= Kai Rüütel =

Estonian opera singer

Kai Rüütel (born 5 September 1981, in Tallinn) is a mezzo-soprano opera singer from Estonia.

==Education==
Kai Rüütel studied at the Georg Ots Music School in Tallinn and then at the Koninklijk Conservatorium in The Hague and the Dutch National Opera Academy, graduating from the Masters programme with Special Honours. She won First Prize in the National Competition for Young Classical Singers in Estonia three years in a row in 2001, 2002 and 2003.

==Operatic career==
In 2009 Rüütel became a member of the Jette Parker Young Artists Programme at the Royal Opera House, making her ROH debut as Venerable Lady in The Gambler and covering the role of Blanche. In the 09/10 season she sang Rosette in Manon and Flora in La Traviata and also performed these roles with the company when it toured to Japan with Antonio Pappano in September 2010.

In December 2010, she stepped in at the Royal Opera House for an indisposed Christine Rice as Hänsel in Hänsel und Gretel. Her other roles at the ROH in the 2010/11 season included Second Lady in Die Zauberflöte conducted by Sir Colin Davis, and Dorothée in Cendrillon. She also covered Madame Dangeville in Adriana Lecouvreur, Charlotte in Werther and Dunyasha in The Tsar’s Bride.

After graduating from the Jette Parker Young Artists Programme in 2011, she appeared in Scottish Opera's 2011-12 season as Hänsel in Hansel and Gretel.

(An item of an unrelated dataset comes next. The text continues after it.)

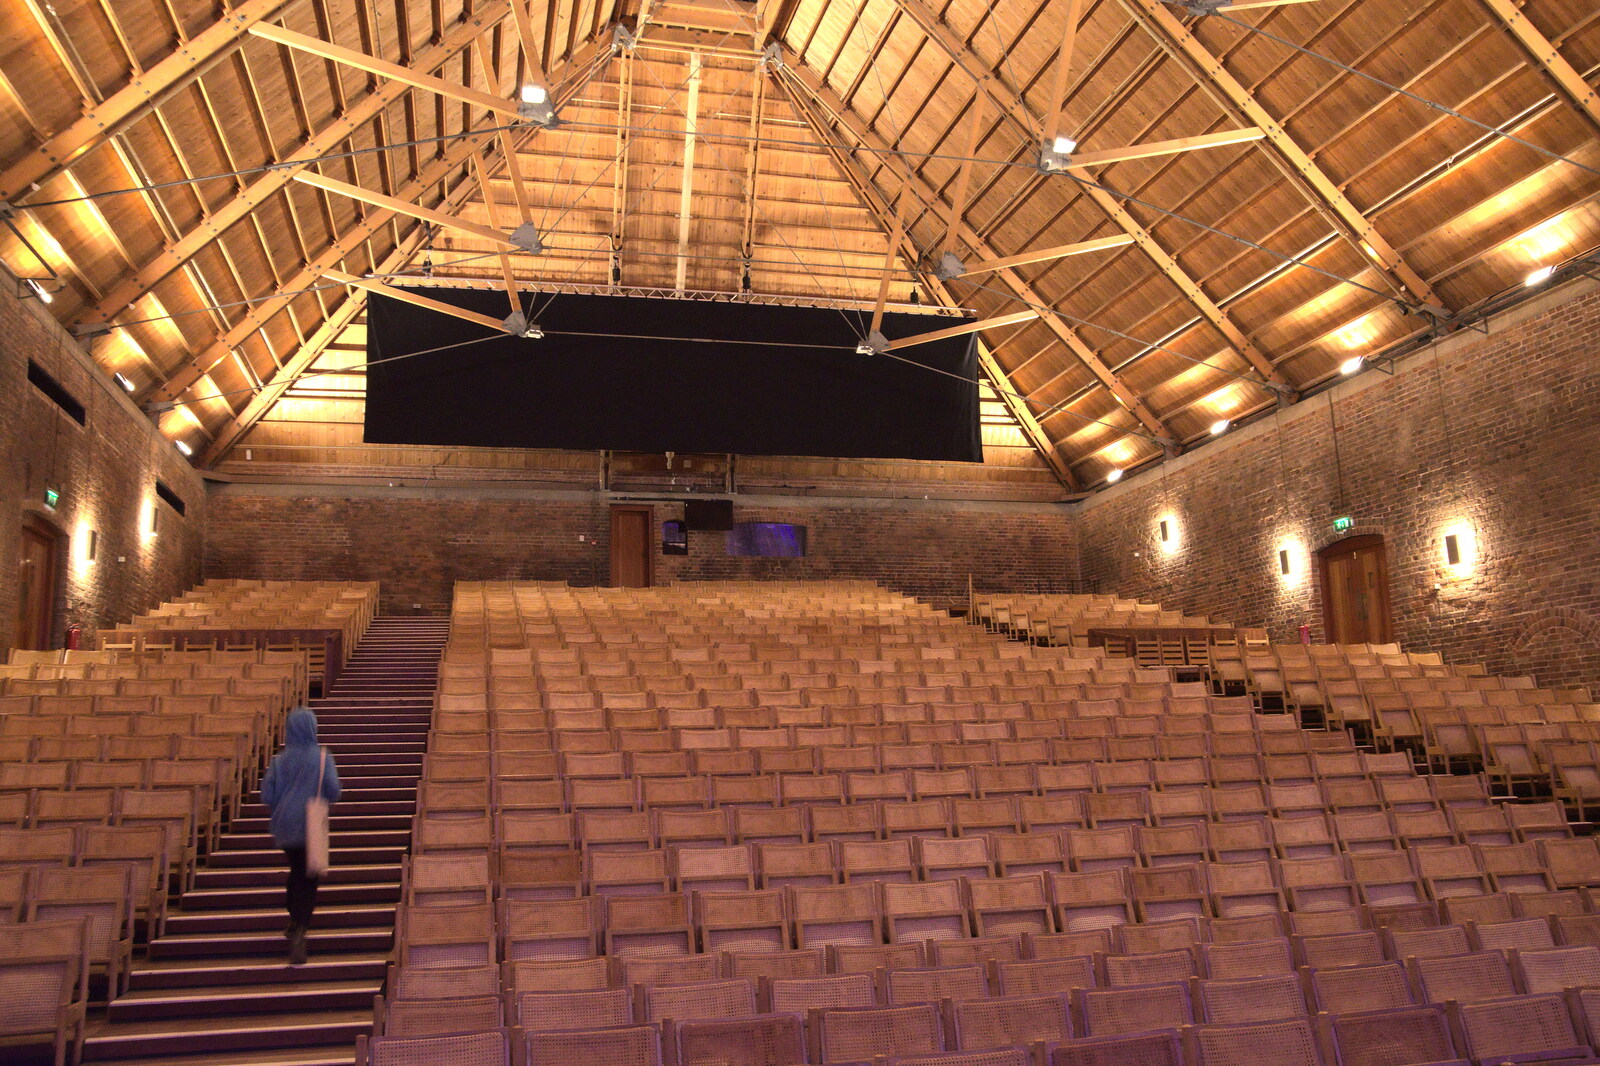 We explore the impressive performance hall from The Aldeburgh Food Festival, Snape Maltings, Suffolk - 25th September 2022

She also returned to the Royal Opera House as Meg Page in Falstaff, and Wellgunde in Keith Warner's productions of Das Rheingold and Götterdämmerung. She has since also appeared as Blanche in Prokofiev's The Gambler for Dutch National Opera and Sonyetka in Shostakovich's Lady Macbeth of the Mtsensk District for Vlaamse Opera.

==Recordings==
Rüütel appears as Dorothée in Cendrillon on DVD for Virgin Classics, released in 2012.